## [WHAT THE EXERCISE ASKS]
The answer consists solely of the lines running from the one with "Balancing Rocks.jpeg" through the final line below, transcribed exactly and without any pictures.

## [SUPPLIED DATA]
****
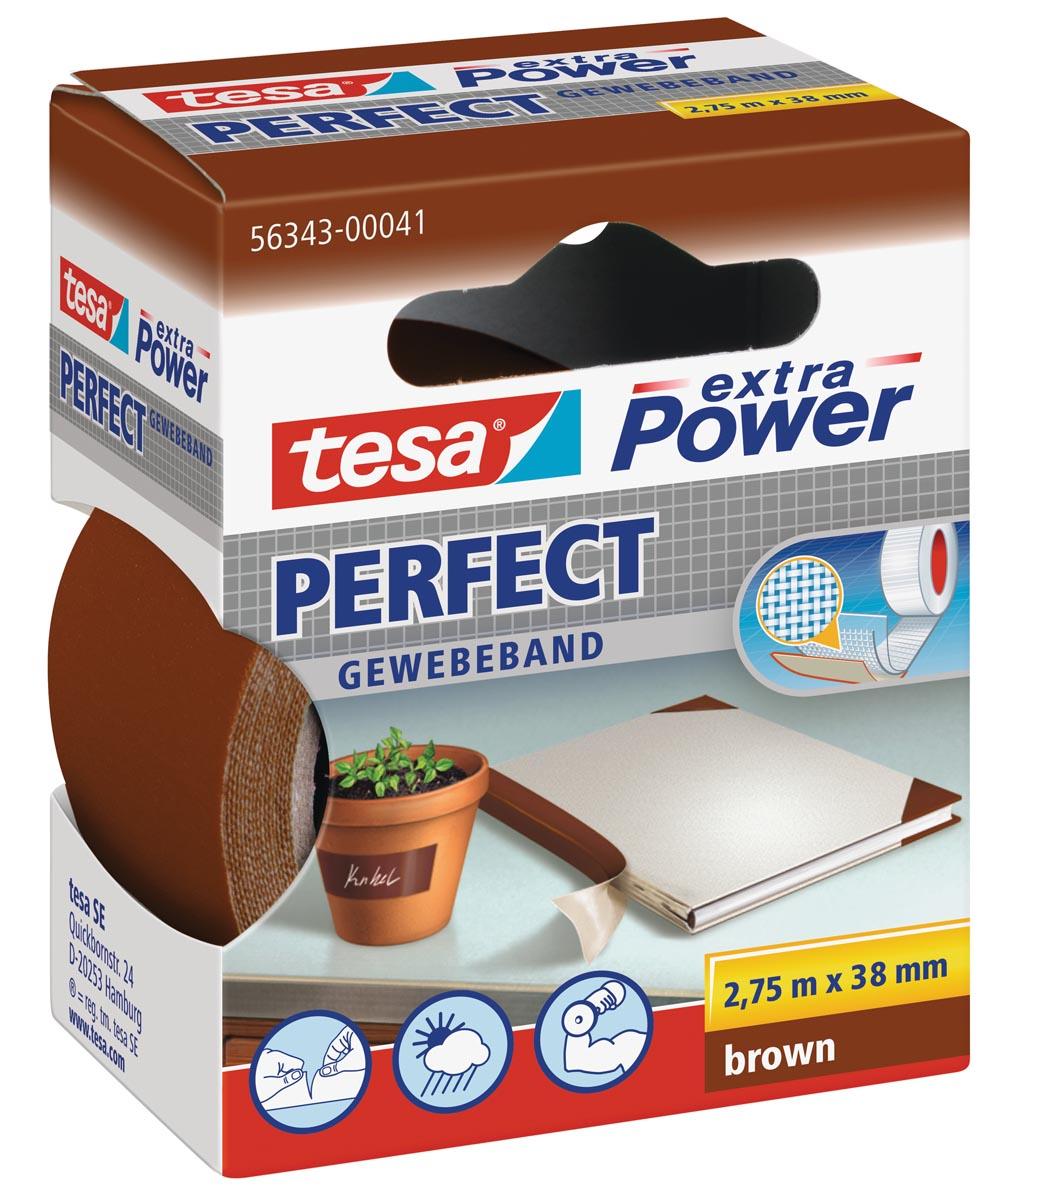 Tesa extra Power Perfect, ft 38 mm x 2,75 m, bruin
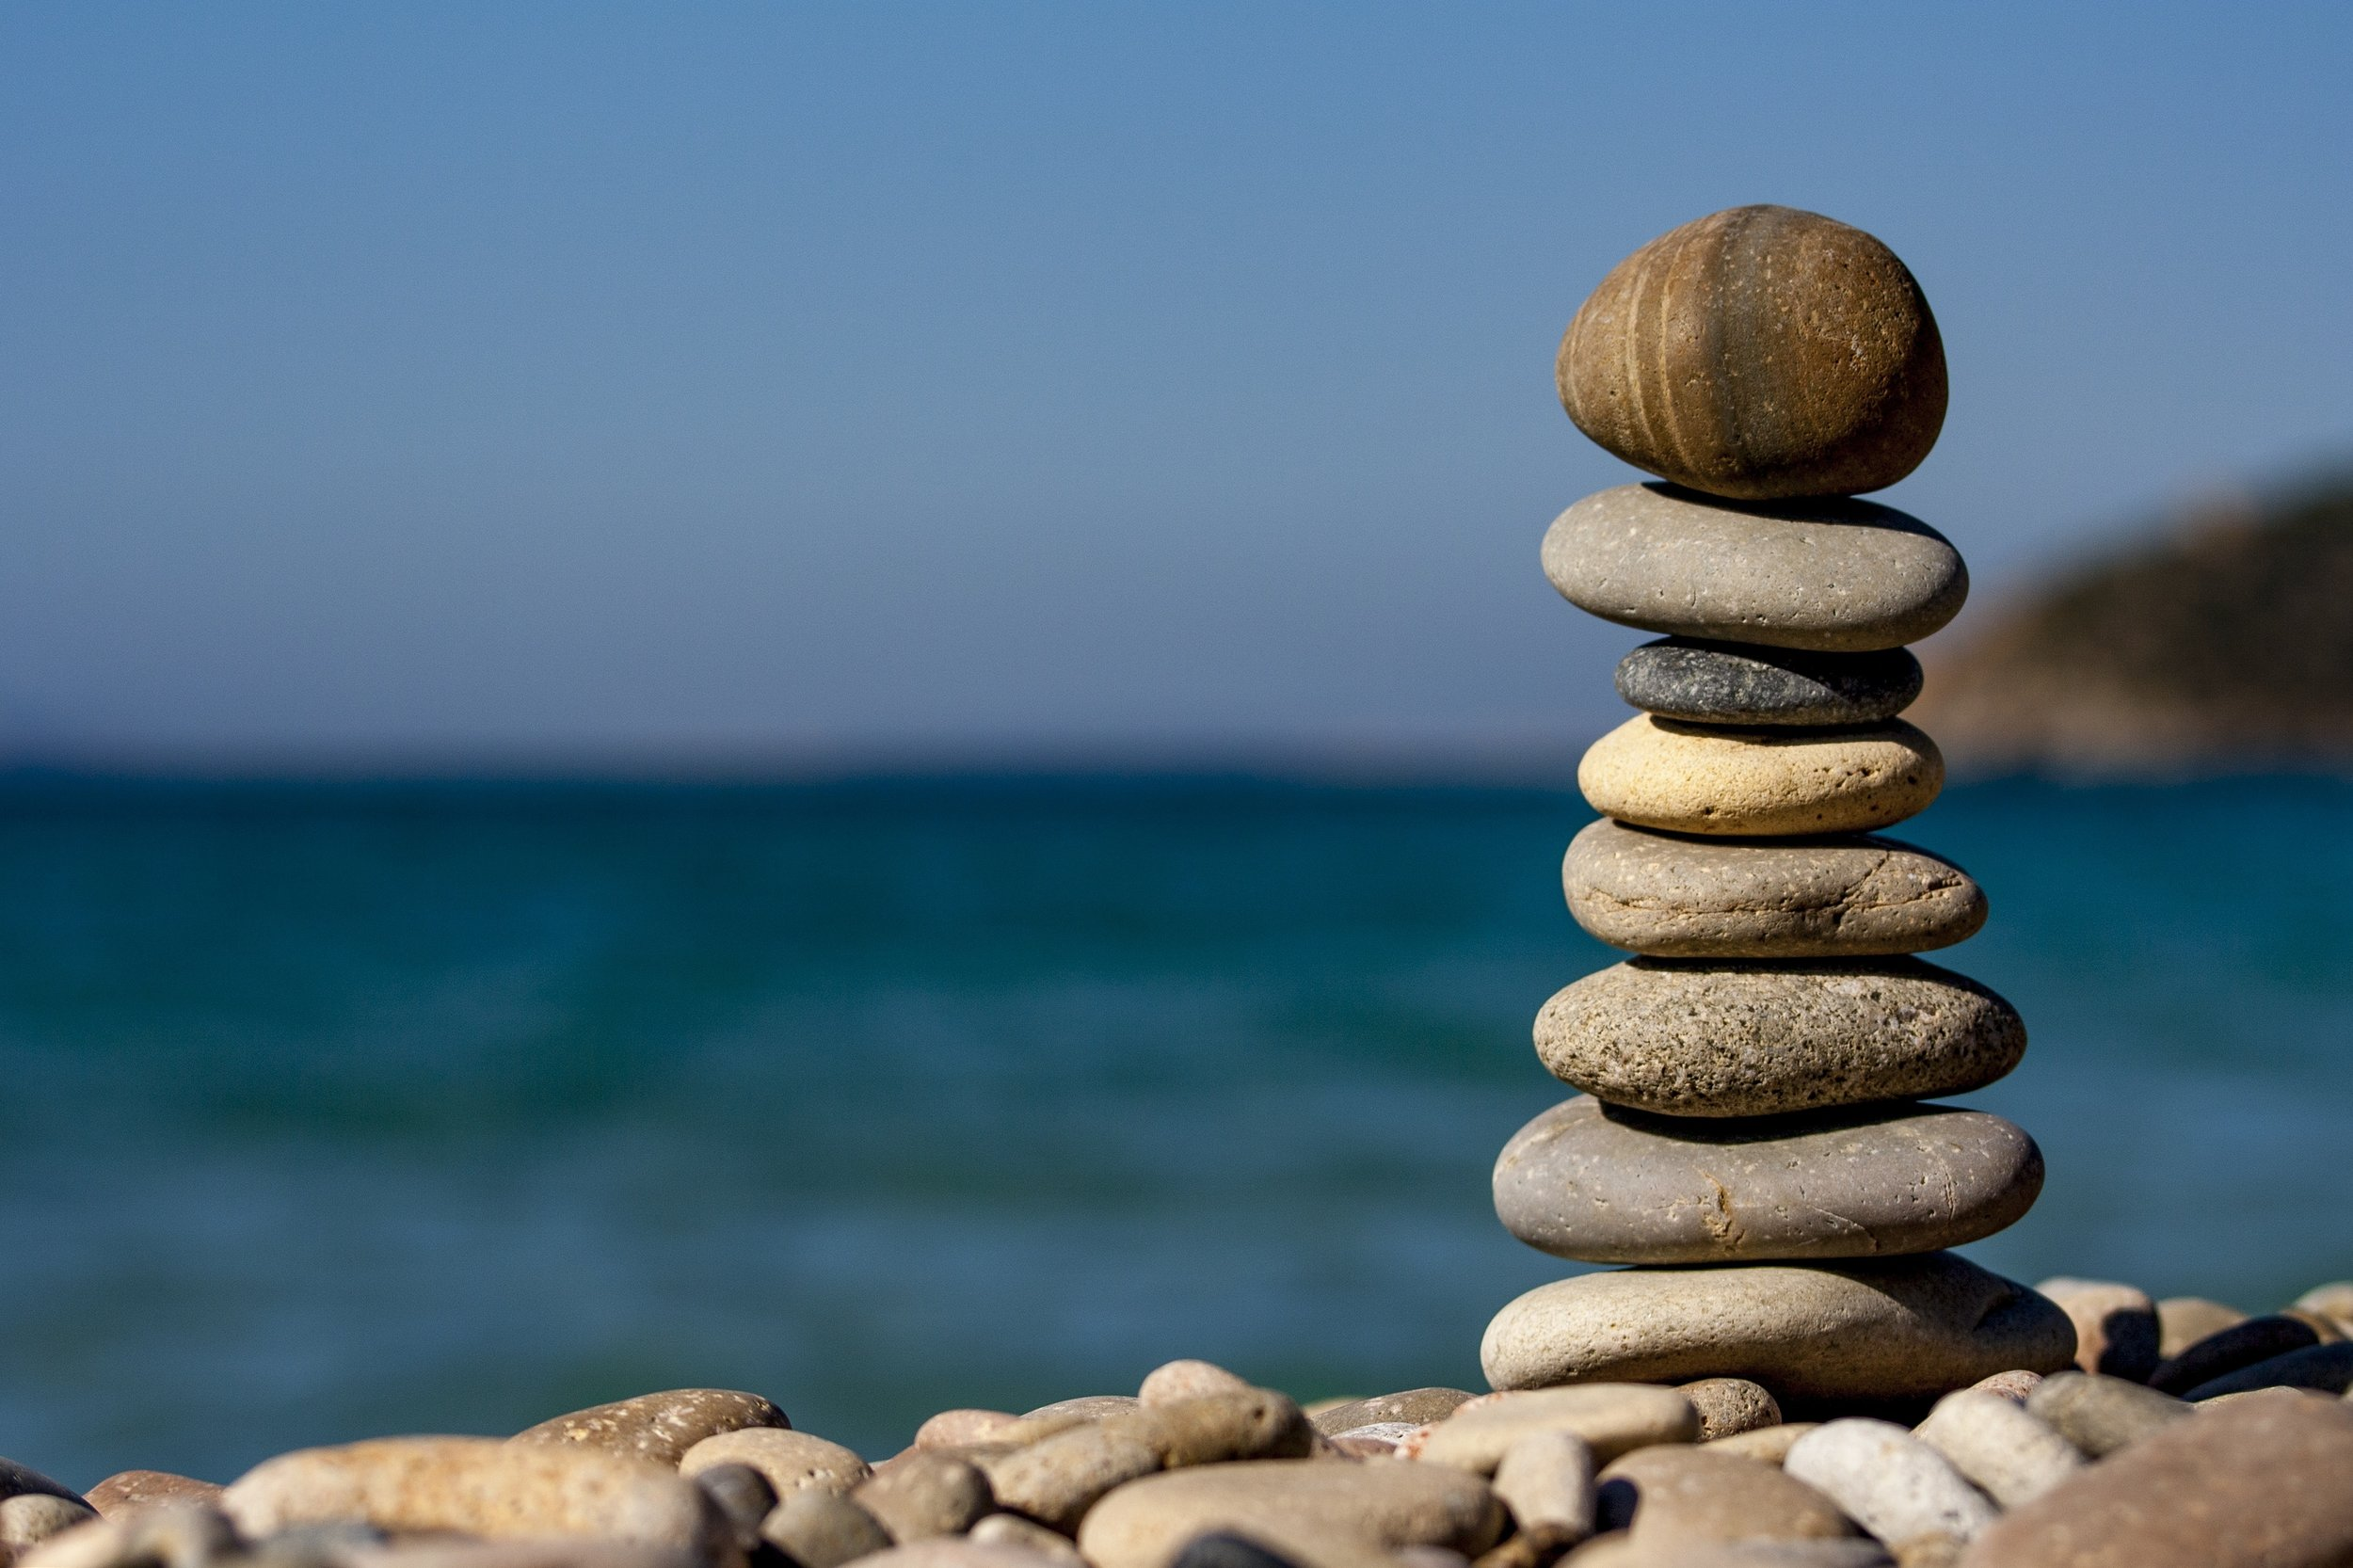 Balancing Rocks.jpeg
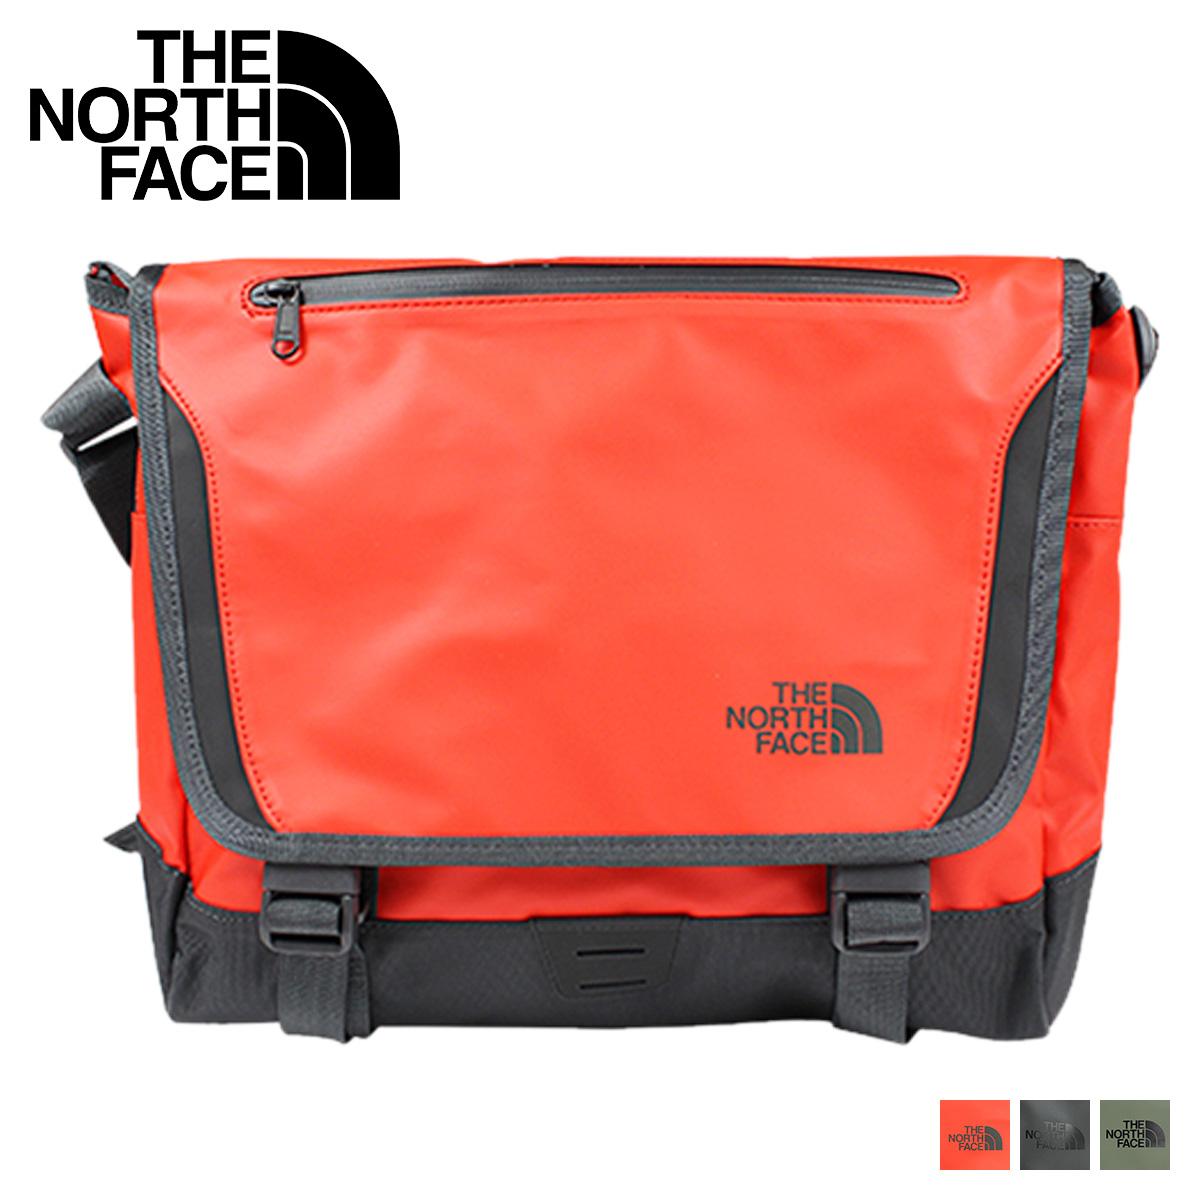 Whats Up Sports Sold Out ザノースフェイス The North Face Messenger Bag Shoulder A6sa 3 Color Base Camp S Men Rakuten Global Market
****
## [YOUR RESPONSE]
 Balancing Rocks.jpeg
 Whats Up Sports Sold Out ザノースフェイス The North Face Messenger Bag Shoulder A6sa 3 Color Base Camp S Men Rakuten Global Market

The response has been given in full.